I love you. We need to hear those words daily. We need to be touched so we know we are loved. We need people to spend time with us to know we are loved. We need to receive gifts to know we are loved. We need to be served and receive acts of kindness to know we are loved. We need to be praised and told we've done well to know we are loved. Gary Chapman author of The Five Love Languages believes that we speak and hear 5 different love languages to communicate love.We all need physical touch, gifts of love, quality time spent with us, acts of service, and words of affirmation to feel loved.

Are you loved? Do you have parents who love you? Do you have friends who love you? Do you have a spouse who loves you? Do you have children who love you?

There must be at least one individual in your life who loves you. If not, you could not survive. Being loved is that important. CASA, an organization fighting child abuse states "'No child can live without love' is a powerful and truthful statement. Growing up in a loving environment and being shown love is fundamental to a child’s development."

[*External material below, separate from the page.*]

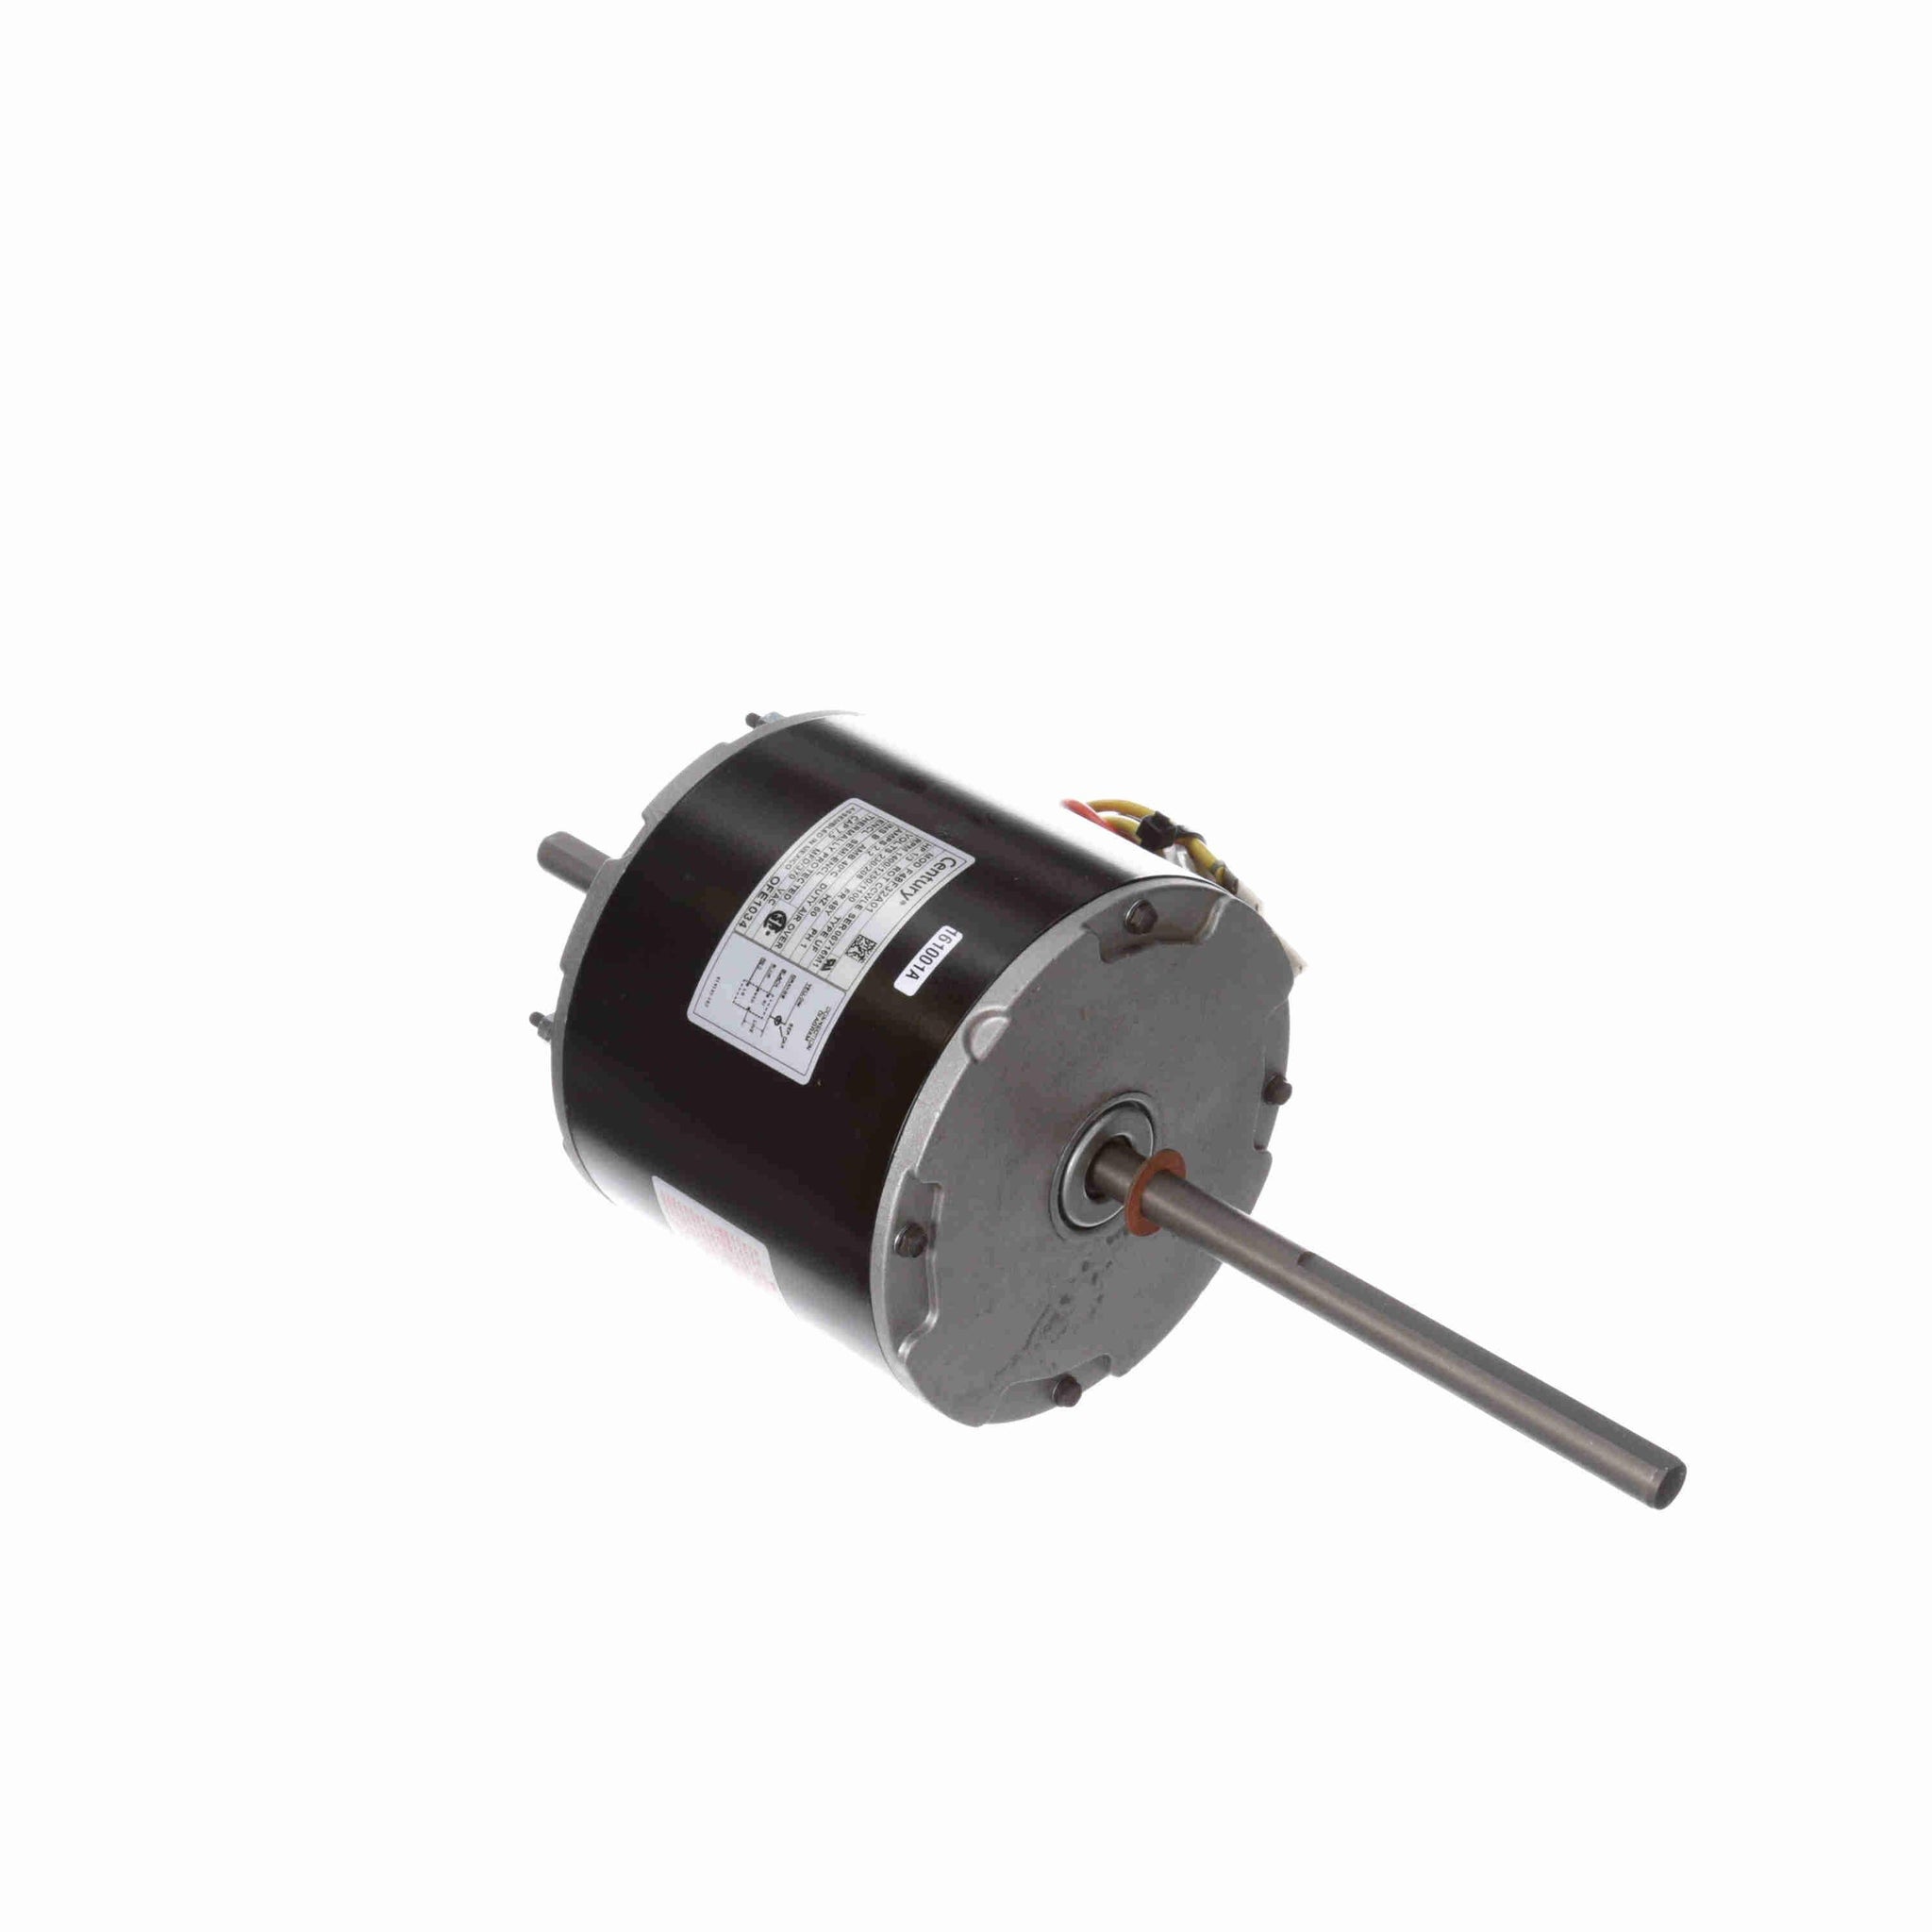 OFE1034 - 1/3 HP OEM Replacement Motor, 1400/1250/1100 RPM, 3 Speed, 230/208 Volts, 48 Frame, Semi Enclosed - Hardware & Moreee

The good news is there is at least one individual who loves you. He knows you intimately. He knows all the good things you've done. He knows all the bad things you've done. He knows every lie and every truth. He knows when you've loved and when you've hated. He knows when you've given and when you've taken. He knows every fault, every hidden thing about you. And he loves you. He loves you passionately. He loves you unconditionally. He desperately wants you to know how much he loves you.

There is nothing you can do to earn this individual's love and there's nothing you can do to stop him from loving you. He loves you as you are right now. He's loved you since before you were born. He will love you long after you've died.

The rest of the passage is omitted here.